Pojazd autonomiczny to niedaleka przyszłość
Firma Horsch nadaje bardzo wysoki priorytet pracom rozwojowym w kierunku autonomicznych pojazdów i maszyn. Z tego względu bardzo aktywnie rozwija tę technologię w rolnictwie. Jest to z jednej strony bardzo innowacyjne podejście do rynku, jednak taka będzie przyszłość rolnictwa. Obecnie przykładem autonomicznej maszyny, która już niedługo wejdzie na rynek, jest samojezdny, autonomiczny siewnik.
Maszyna została wyposażona w silnik wysokoprężny o mocy 300 KM i bazuje na technologii gąsienic gumowych Claas Terra Trac bez przedniej osi skrętnej. Maszyna jest obsługiwana za pomocą specjalnego pilota o zasięgu do 2 km lub iPada. Pracujący na systemie dwuścieżkowym Horsch Robo jest ponadto wyposażony w system nawigacji Trimble i duży zbiornik na nasiona, który zasila 24-elementową sekcję do siewu punktowego Maestro.

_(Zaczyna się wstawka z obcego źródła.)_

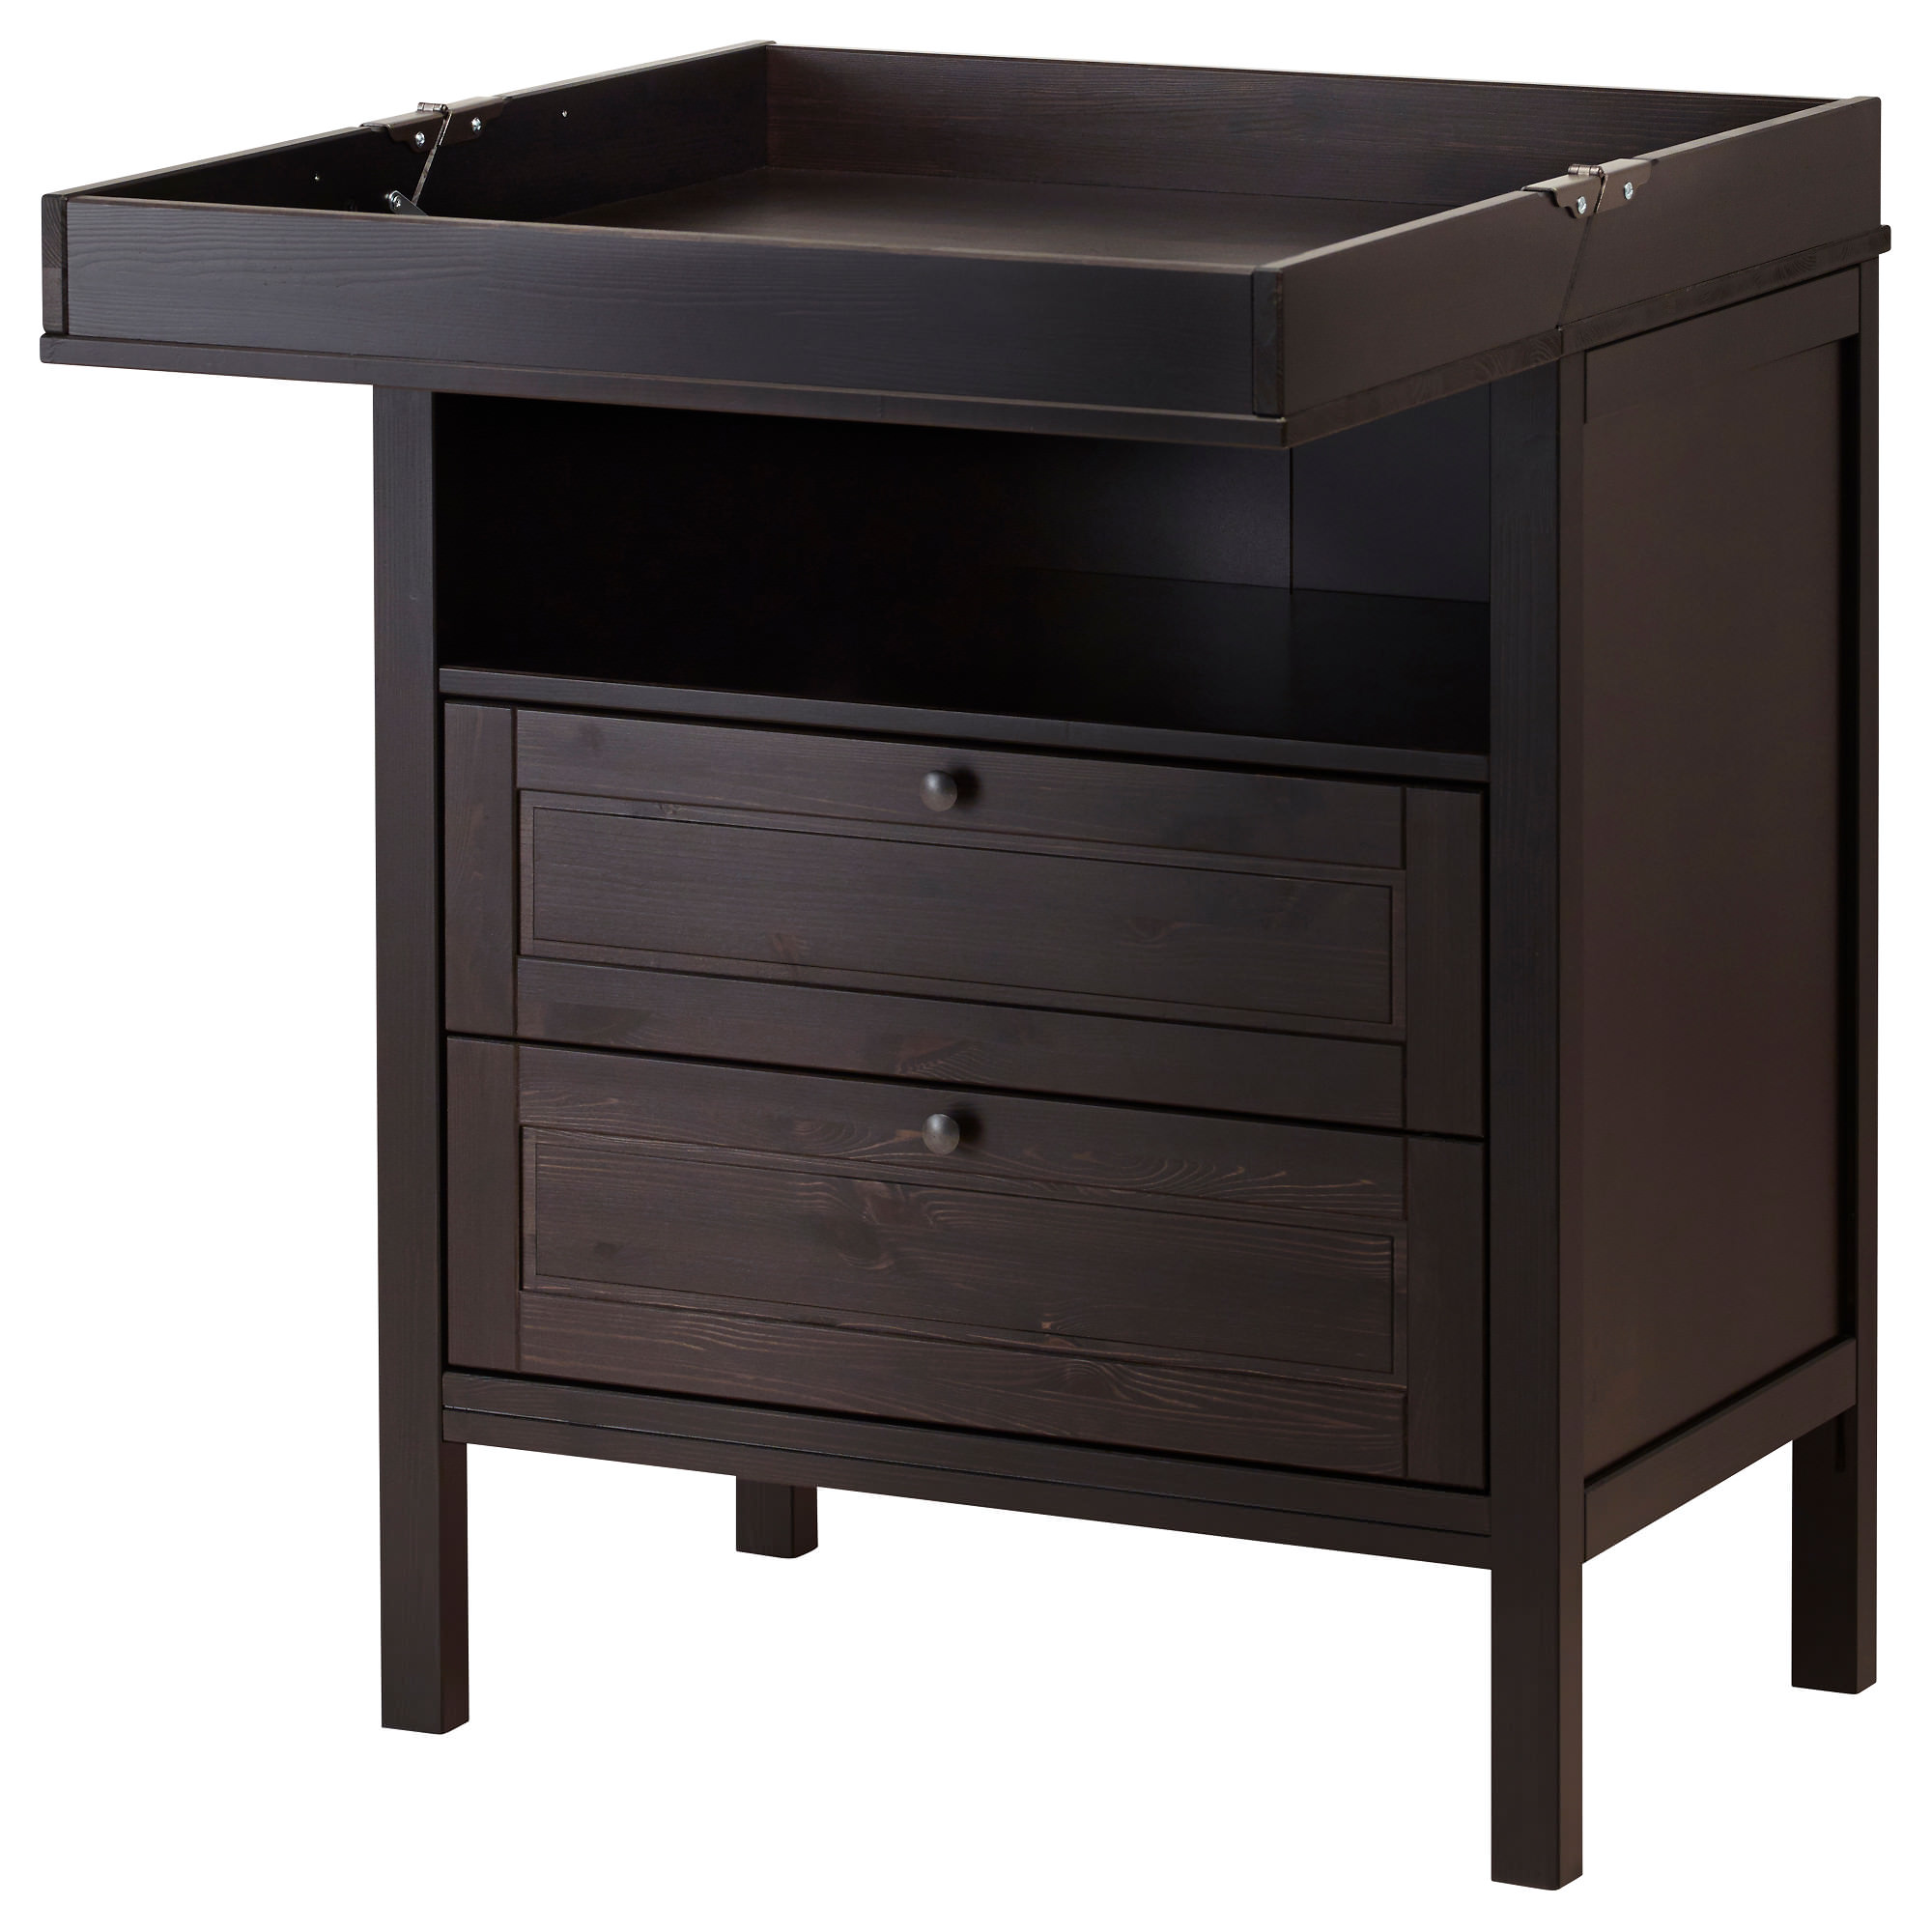 Image of: IKEA Changing Table Dresser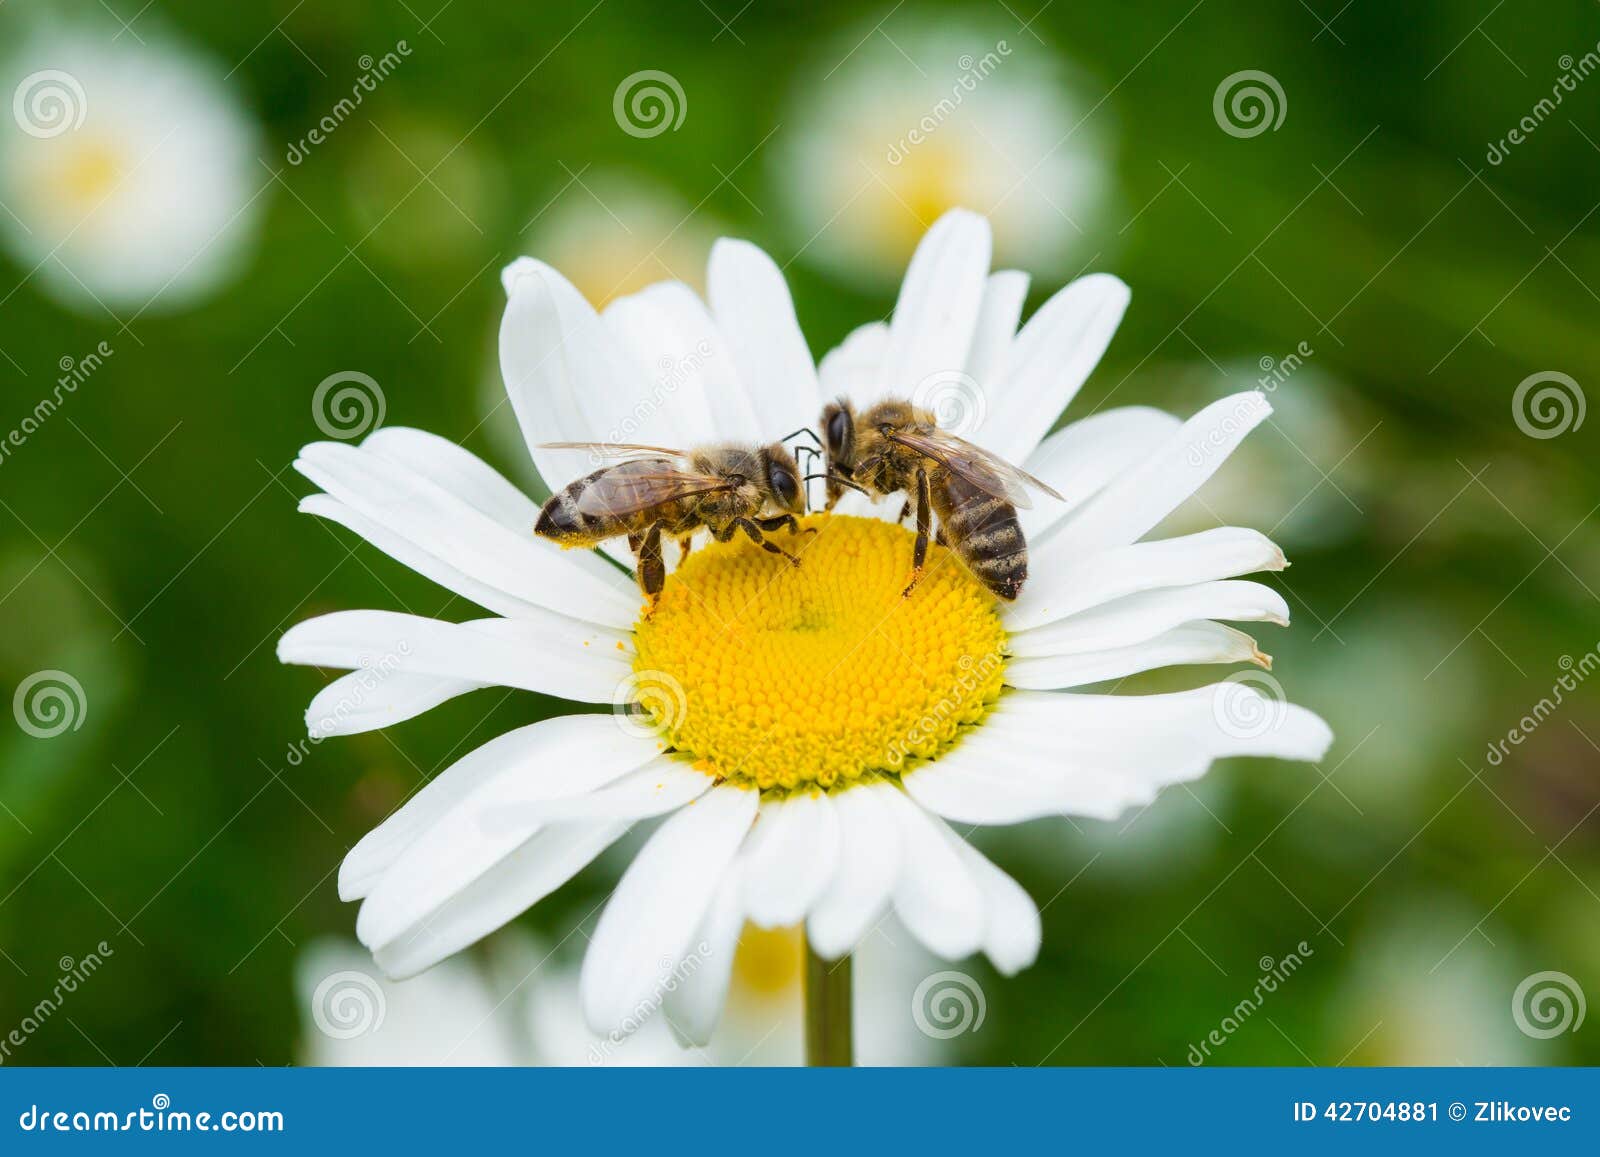 bees sucking nectar from a daisy flower

Bezobsługowy, autonomiczny ciągnik nadaje się też do obsługi innych maszyn np. dużych agregatów uprawowych takich jak Joker lub Cruiser, ale już nie dla agregatów, które pracują głęboko np. typu Tiger.
Horsch słusznie zauważa, że przepisy bezpieczeństwa w Niemczech są jeszcze zbyt restrykcyjne, aby zapewnić w pełni autonomiczne użytkowanie nowej maszyny, dlatego jej nadzorca/operator musi pozostać w odległości maksymalnie 600 m i zawsze obserwować/nadzorować pracę.
– Interesują nas rynki, gdzie są problemy z dostępnością pracowników, gdzie jest duży obszar pól i tam, gdzie system prawny jest sprzyjający np. w Brazylii, Kazachstanie, w Rosji i na Ukrainie. Prawne wprowadzenie autonomicznej maszyny jest tam łatwiejsze. W Niemczech, Francji i USA póki co jest to jeszcze utrudnione
– zauważa Michael Horsch.
Dla szybkiego postępu w dziedzinie autonomii i robotyzacji maszyn rolniczych najważniejsze jest oprogramowanie, ale nie to, które obsługuje samą maszynę, tylko sterujące poruszaniem się pojazdu na polu. Prace rozwojowe oraz testy firma Horsch prowadzi już od 10 lat na swojej specjalnej farmie testowej w Czechach. To właśnie tam rozwija się autonomiczne technologie, aby umożliwić i usprawnić prace układów zrobotyzowanych.
– Z tym rozwiązaniem chcemy wejść na rynek w ciągu 2 lat, a może i szybciej. Będziemy mocno rozwijać te projekty, jest już na to zapotrzebowanie
– dodaje Michael Horsch.
Już niedługo operator nie będzie siedział przez wiele godzin w kabinie maszyny, będzie za to dbał o jej prawidłowy stan techniczny, przygotowanie do pracy, o jej wyposażenie oraz diagnostykę. Zadania operatora pojazdów autonomicznych obejmą głównie nadzór nad prawidłowym działaniem maszyny na polu, a wykonywane w razie potrzeby ewentualne korekty będą stanowiły niewielki udział w pracy.
Co więcej, przyszły operator nie musi mieć specjalnego szkolenia, pulpit sterujący będzie bardzo intuicyjny, a dzisiejsze dzieci już szkolą się w obsłudze tych rozwiązań, grając np. na konsoli czy smartfonie.